→ **Work to complete**
Print the whole listing below exactly as given, pictures excluded.

→ **Supplied data**

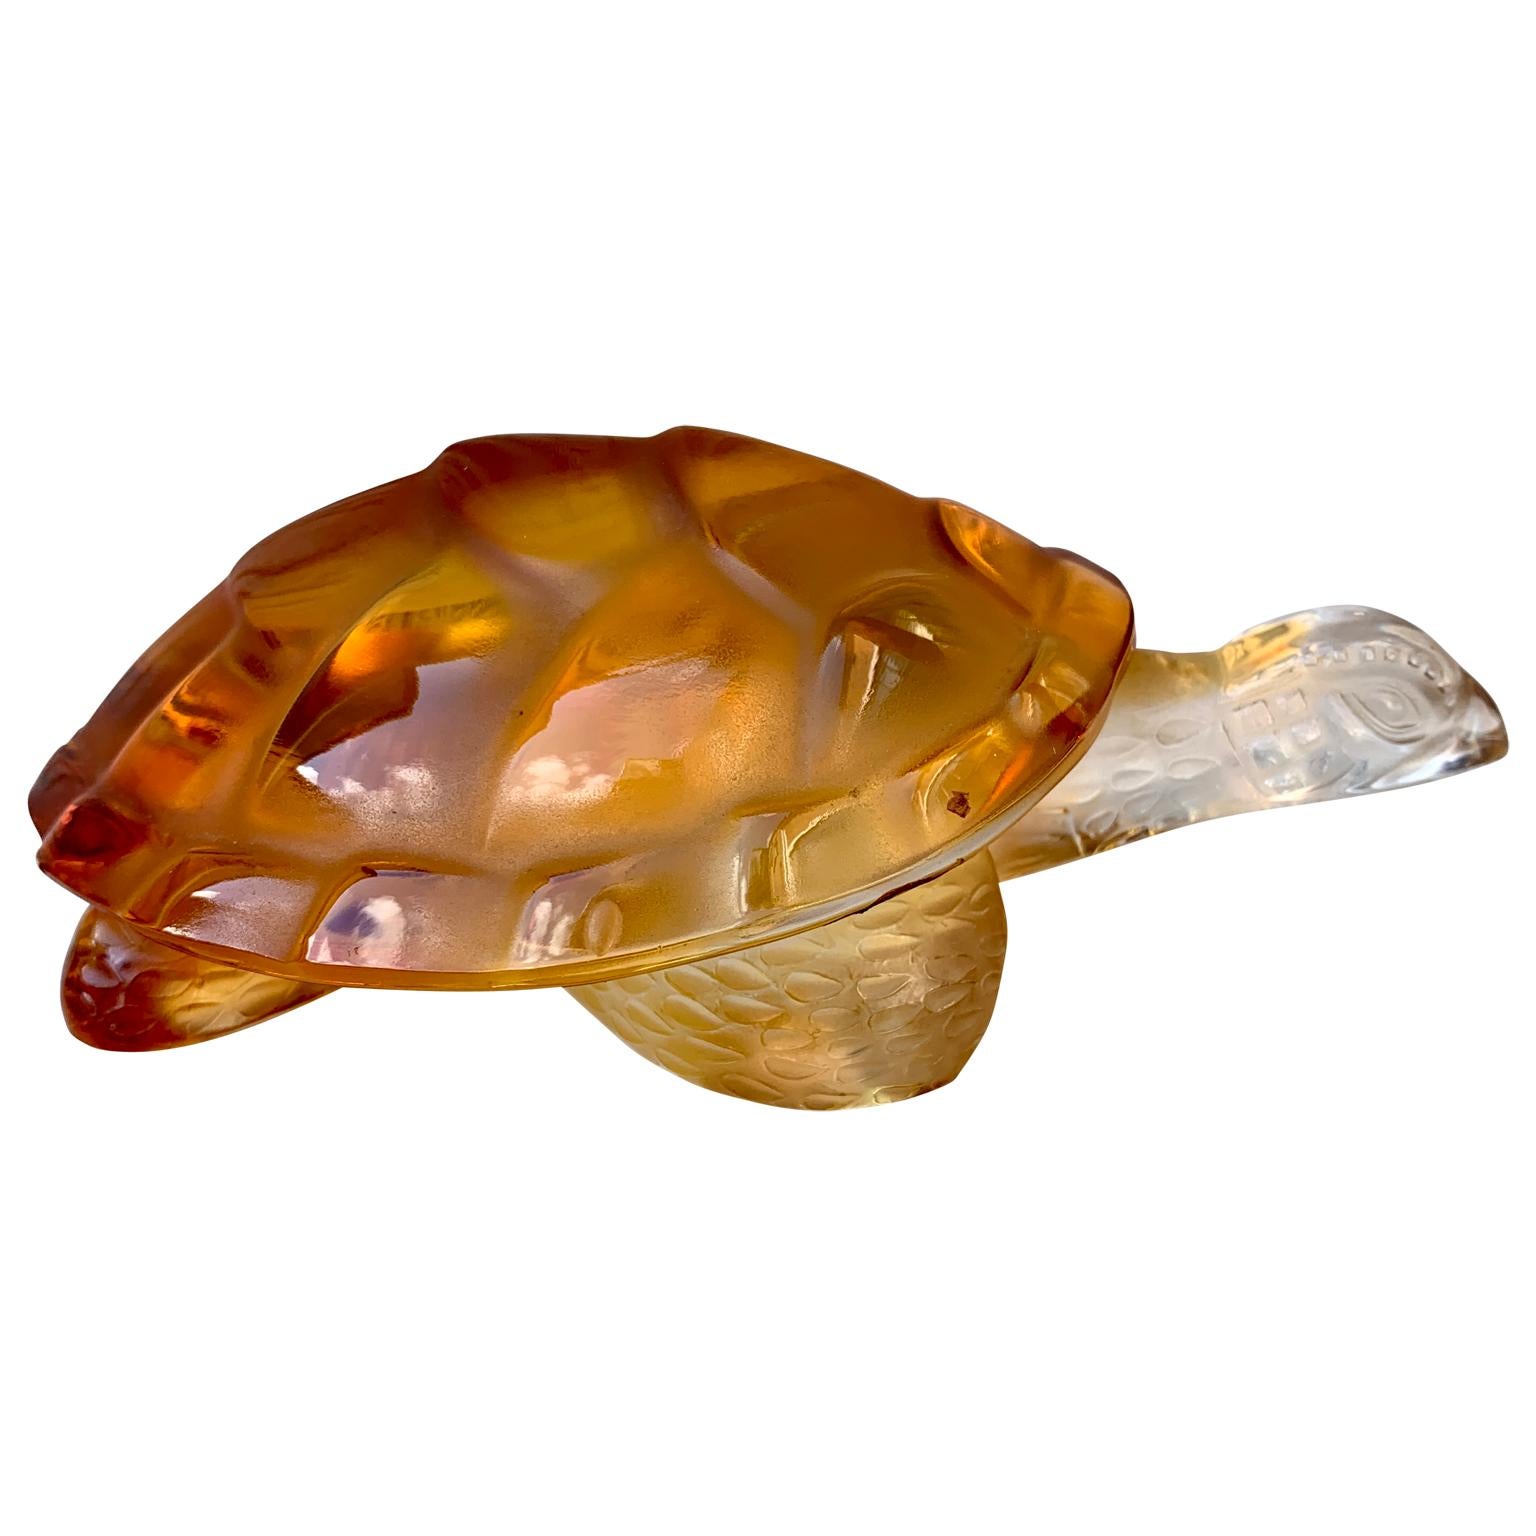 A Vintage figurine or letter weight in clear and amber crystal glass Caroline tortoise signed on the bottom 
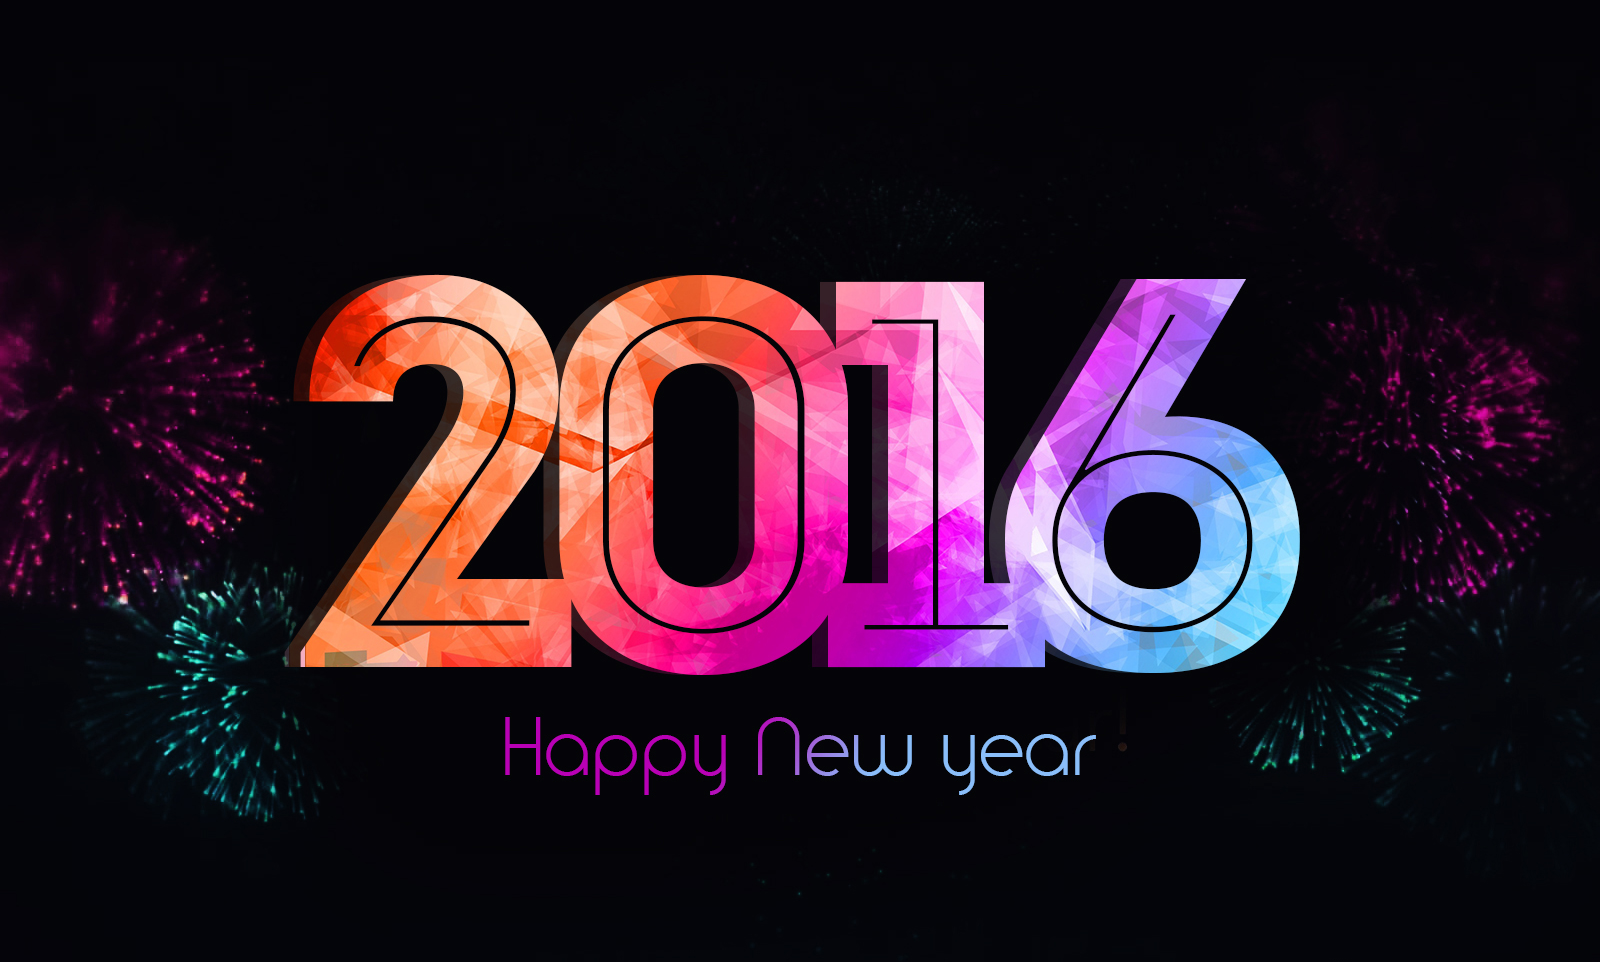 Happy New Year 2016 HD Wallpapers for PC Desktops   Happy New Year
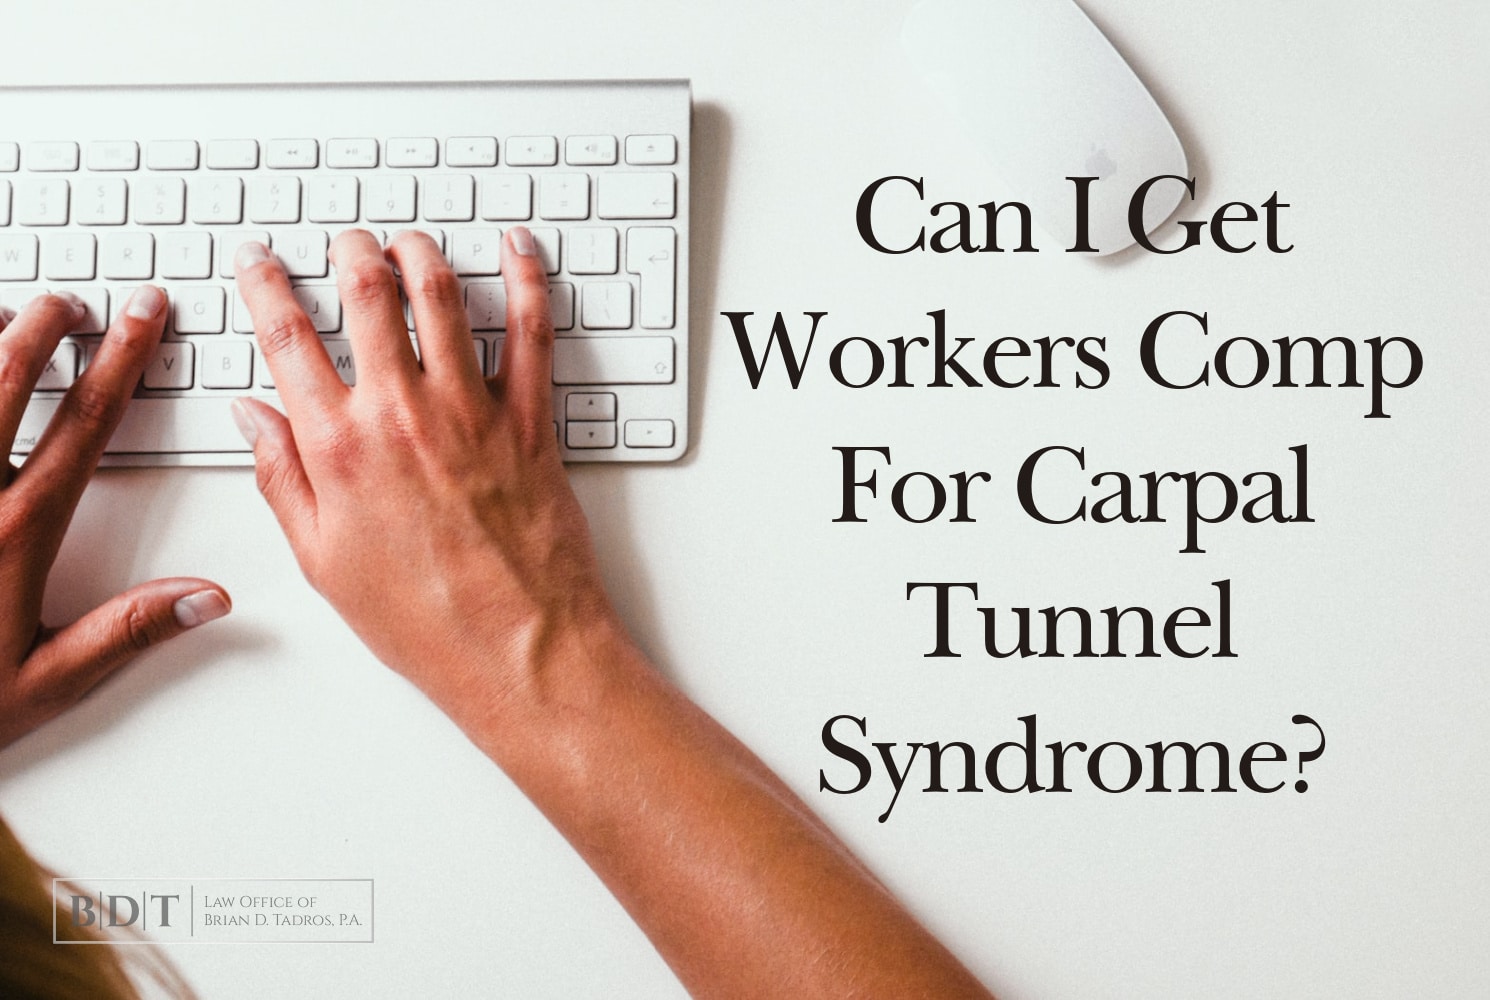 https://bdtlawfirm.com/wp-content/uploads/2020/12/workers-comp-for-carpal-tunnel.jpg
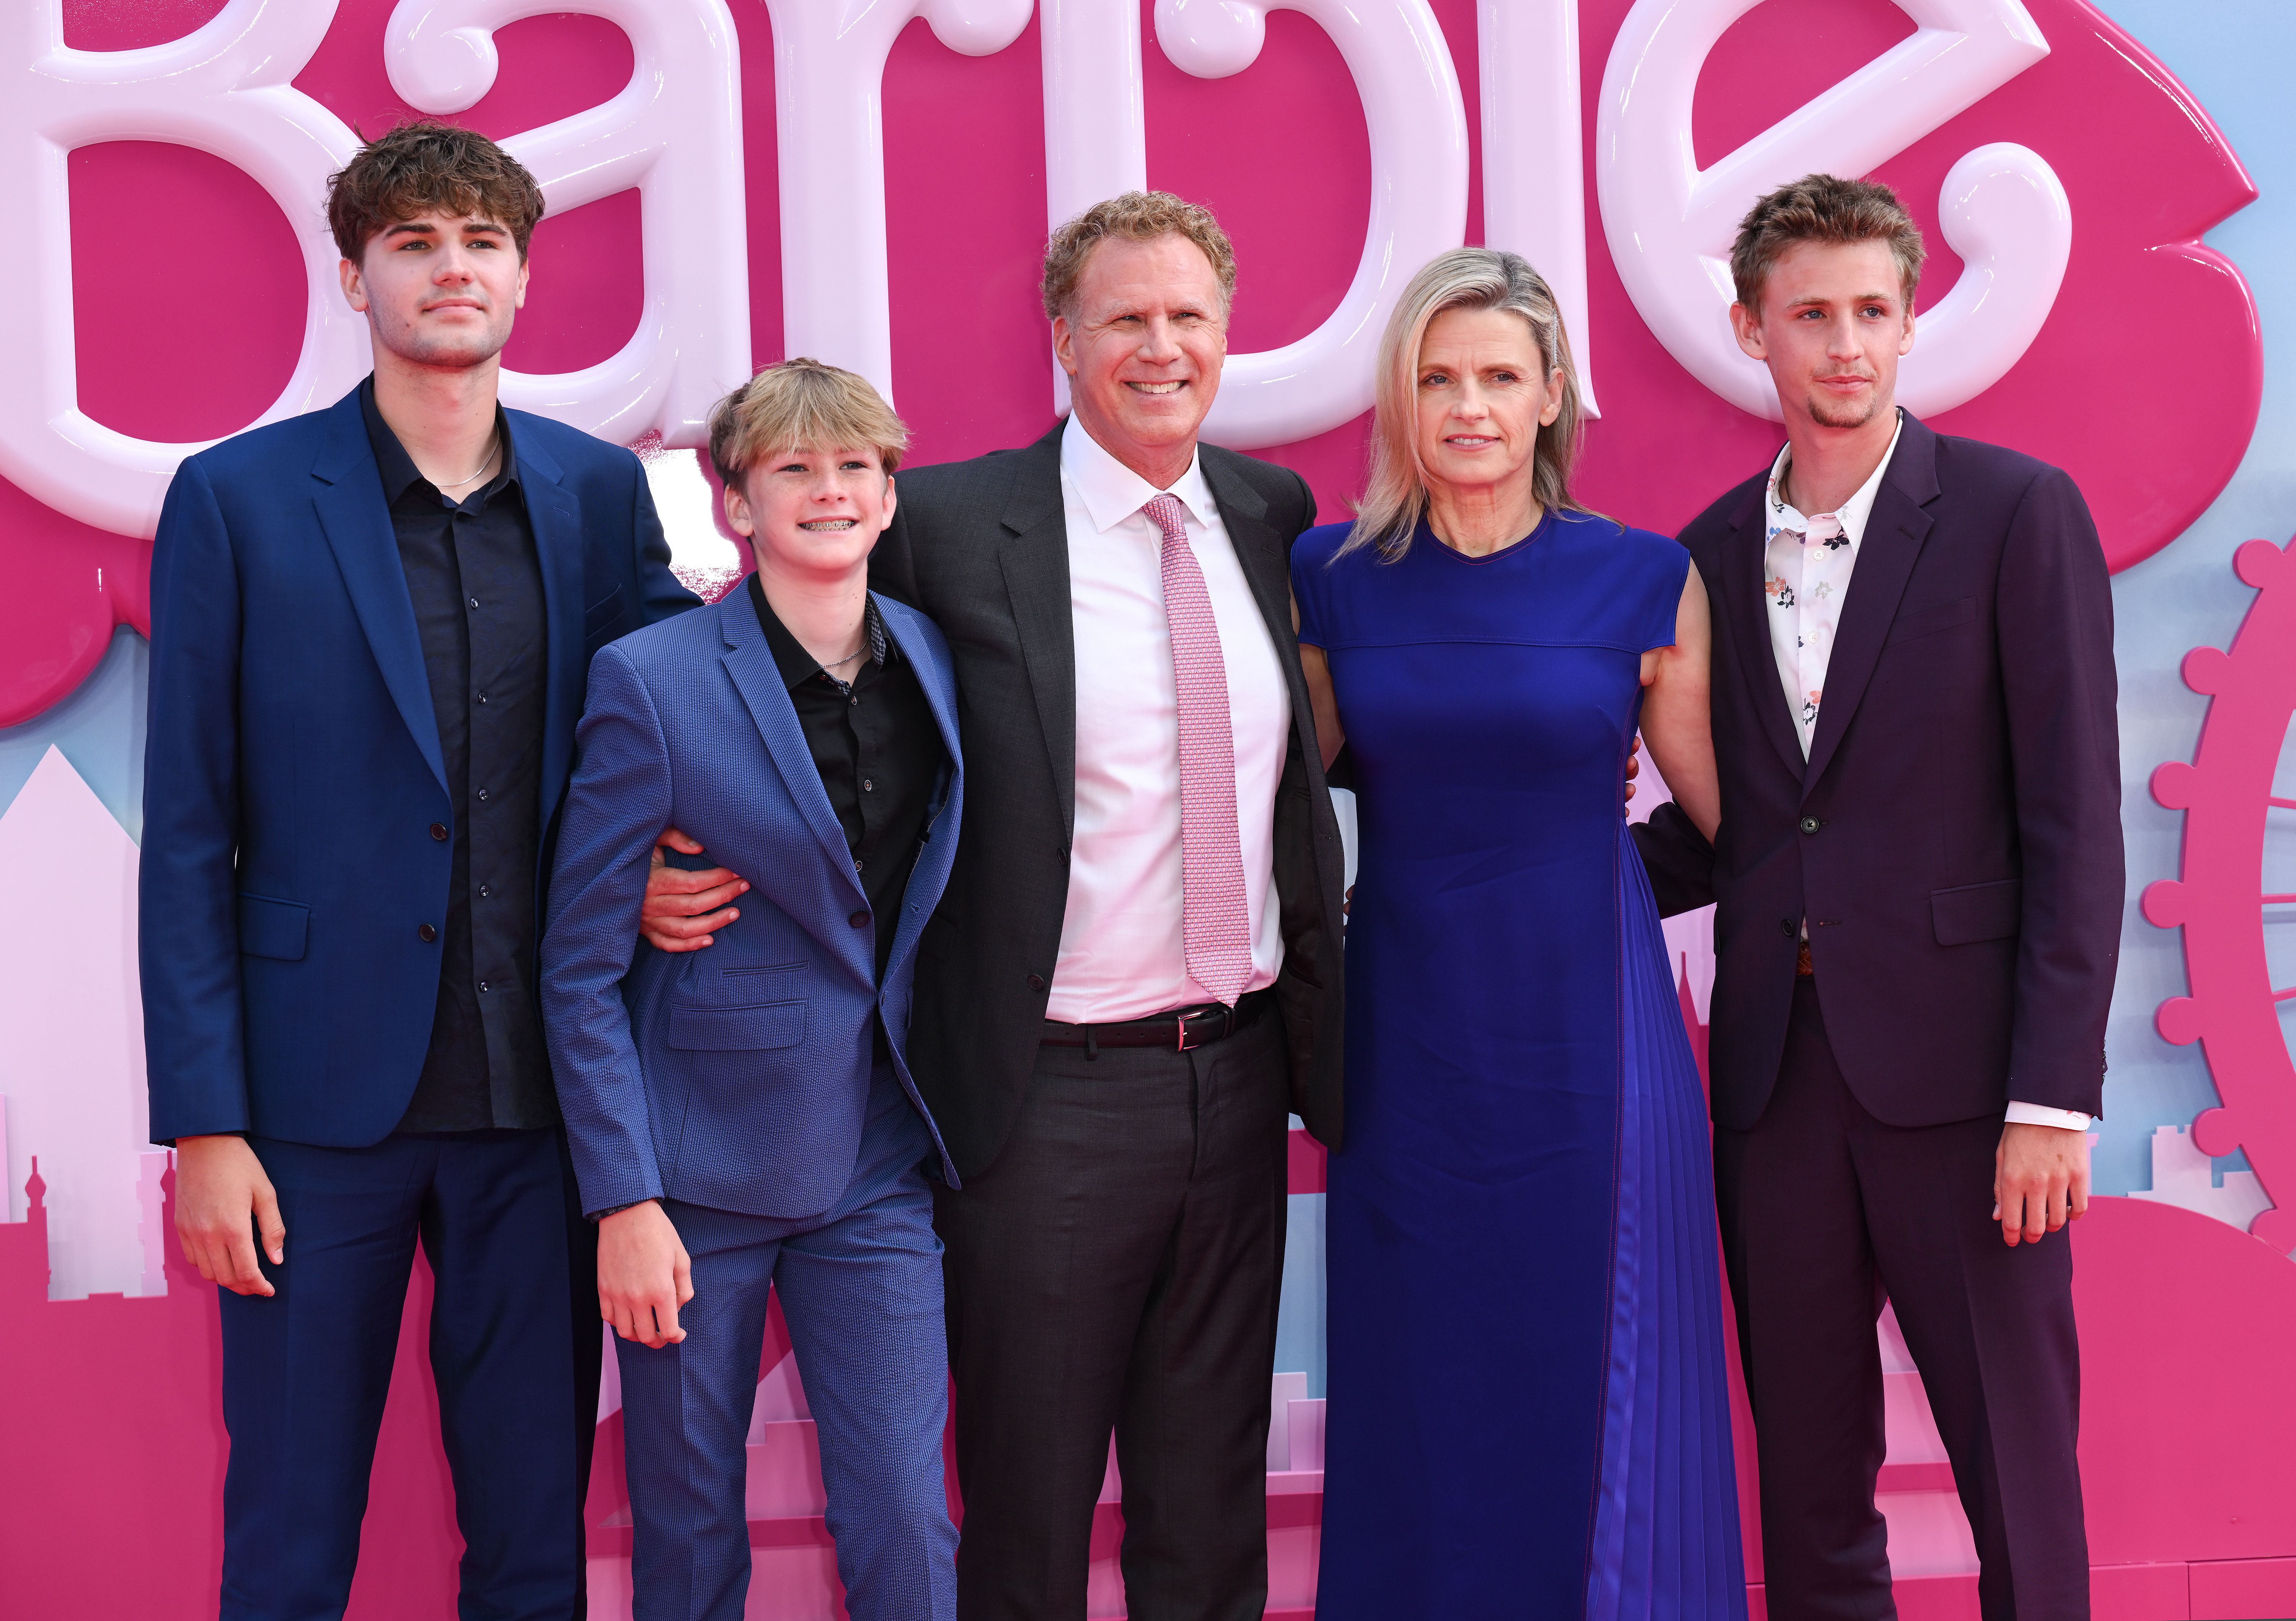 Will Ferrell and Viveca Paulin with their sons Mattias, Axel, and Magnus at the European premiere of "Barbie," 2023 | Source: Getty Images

→ **Answer area**
 A Vintage figurine or letter weight in clear and amber crystal glass Caroline tortoise signed on the bottom 
 Happy New Year 2016 HD Wallpapers for PC Desktops   Happy New Year
 https://bdtlawfirm.com/wp-content/uploads/2020/12/workers-comp-for-carpal-tunnel.jpg
 Will Ferrell and Viveca Paulin with their sons Mattias, Axel, and Magnus at the European premiere of "Barbie," 2023 | Source: Getty Images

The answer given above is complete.